To improve resolution/precision for your power meter, you will need to improve precision of the individual samples. One way to go is oversampling as outlined in the Atmel application note I referenced above. It is typically always preferred to oversample when precision is important and so sampling rate is as essential as bits per sample.

If you want use an external ADC, you may want to look for a component that can do differential input and use an external voltage reference.  This would allow you to use the full range of the ADC (say 12 bits for the 4V range from 0.5V to 4.5V).

Accuracy again is a different animal altogether as it defines how your final result relates to the real world. This depends on additional specifications such as linearity, variations across temperature, voltage reference stability and so forth. A careful choice of components may improve on this, but typically at a significant cost.


Spot on.

The original reason to go to an external ADC was the phase shift issue as well as the question how accurate the ADC in the Atmega really is. I figured that if I lost a LSB here or there from a 12 bit signal that it would impact measurements far less than if it happened to a 10 bit ADC. Plus, I could be more generous with the range that the ADC can sample if there are more bits to play with in the first place. That is, it is not as important to exactly match the electrical ranges of signal and ADC when you have spare bits, something that helps with allowing signals that may exceed spec for whatever reason.

My current design includes a 150V MOV and 1A slow-blow fuse. The thought being that significantly higher voltages will cause the MOV to do the marimba and blow the fuse.  But I may change some of the resistor values around to allow the system to sample up to 230Vrms signals, and then add a safety margin on top of that. All AC components are actually rated for 230V use (the transformer for voltage measurements, the current transformer, as well as the on-board power supply). Thus, I would be able to use the power board for 3-wire 230V as well, a nice to have for the rare instances where it is needed. Thing is, even a 16 bit accurate resolution on the product of voltage and current would resolve to less than 0.1W on a 5000W signal.

While I could use decimation to smooth out noise and improve accuracy further, the numbers get pretty big at high sampling rates (about 6,000/s are planned) and averaging may be the way to go. Previous attempts at decimation with large numbers and high sampling rates required me to keep track of the values inside the accumulators, then subtract large numbers that were easily divisible as the limits of the unsigned long range were approached. Can be done, but it's easier to implement on a 8 bit microprocessor if one only has to sample 1024 samples at a time, rather than 4096 to get to the desired resolution. Anyhow, off to feed the kids and thanks!


OK, revised the board because the differential measurement aspects of the external ADC are confusing to say the least. So now everything is unipolar. I went back to my AC line safety exercise and changed the resistor values around to work with a 230V input. Then I added a zener diode instead of the Schottkys I was using to bias the signal and prevent the ADC from blowing up under extreme circumstances. I'd like to think that between the 275V MOV and the 450V+ input-tolerant voltage measurement circuit, we should be OK.

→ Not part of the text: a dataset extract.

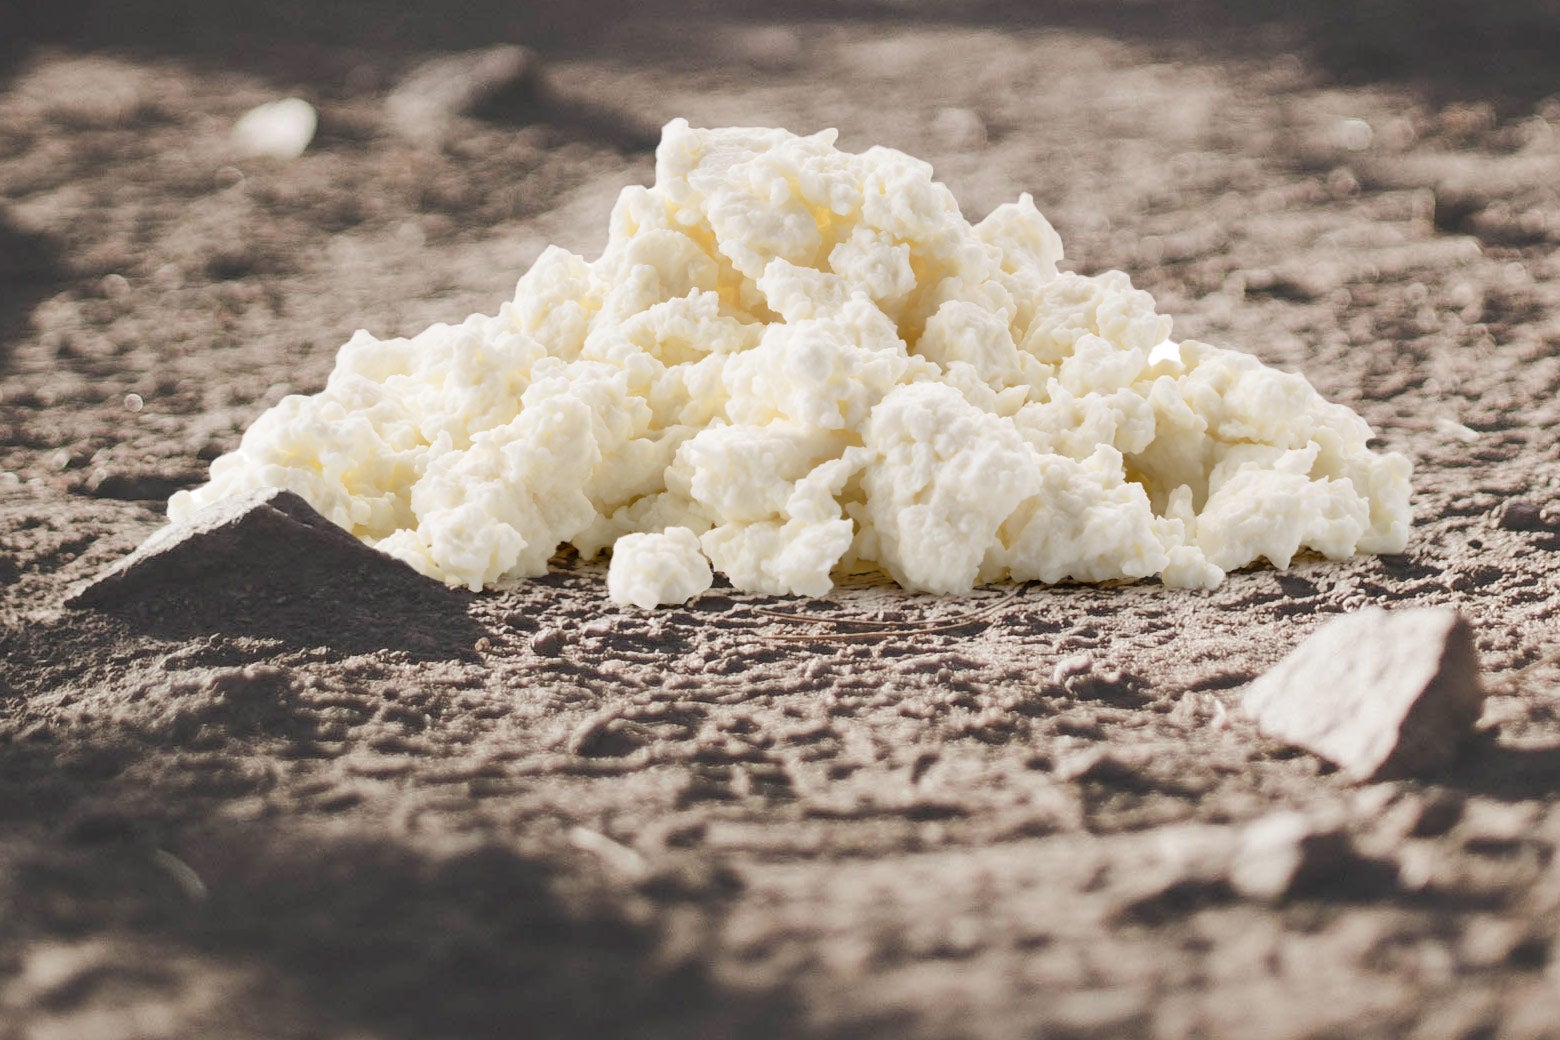 Cottage cheese sits atop dirt.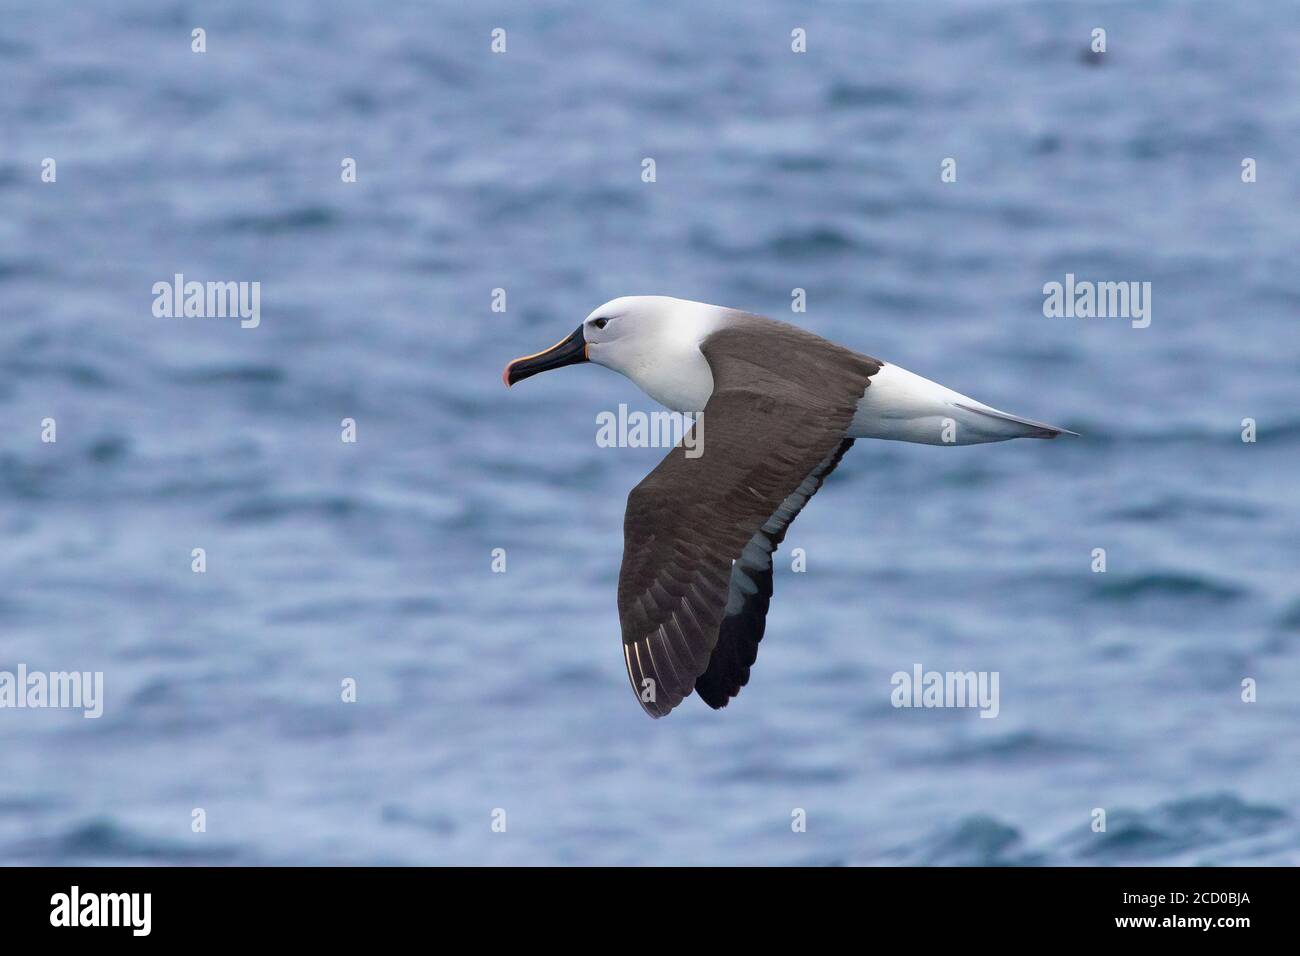 Atlantic Yellow-nosed Albatross (Talassarche chlororhynchos), adult in flight showing upperparts, Western Cape, South Africa Stock Photo

The only fly in the ointment is Pulse discontinuing the power transformer line and Digikey treating these transformers as non-stock. To replace them, I'd have to import them from Europe via Newark electronics. No big deal, just an additional $20, please.

The other good news is that I managed to design two power measurement boards with different add-ons but with an identical GTP file. That's one less solder paste stencil I'll have to order. I also got a e-mail back from CUI re: my grounding question. For now, I'll still plan for a 1M resistor and a 2200pF, 2.2kV capacitor in parallel connecting the GND to the 120VAC GND. I can then experiment to see what the impact (if any) there is from having these through-hole components in place. If there is no benefit, I'll simply leave the holes empty.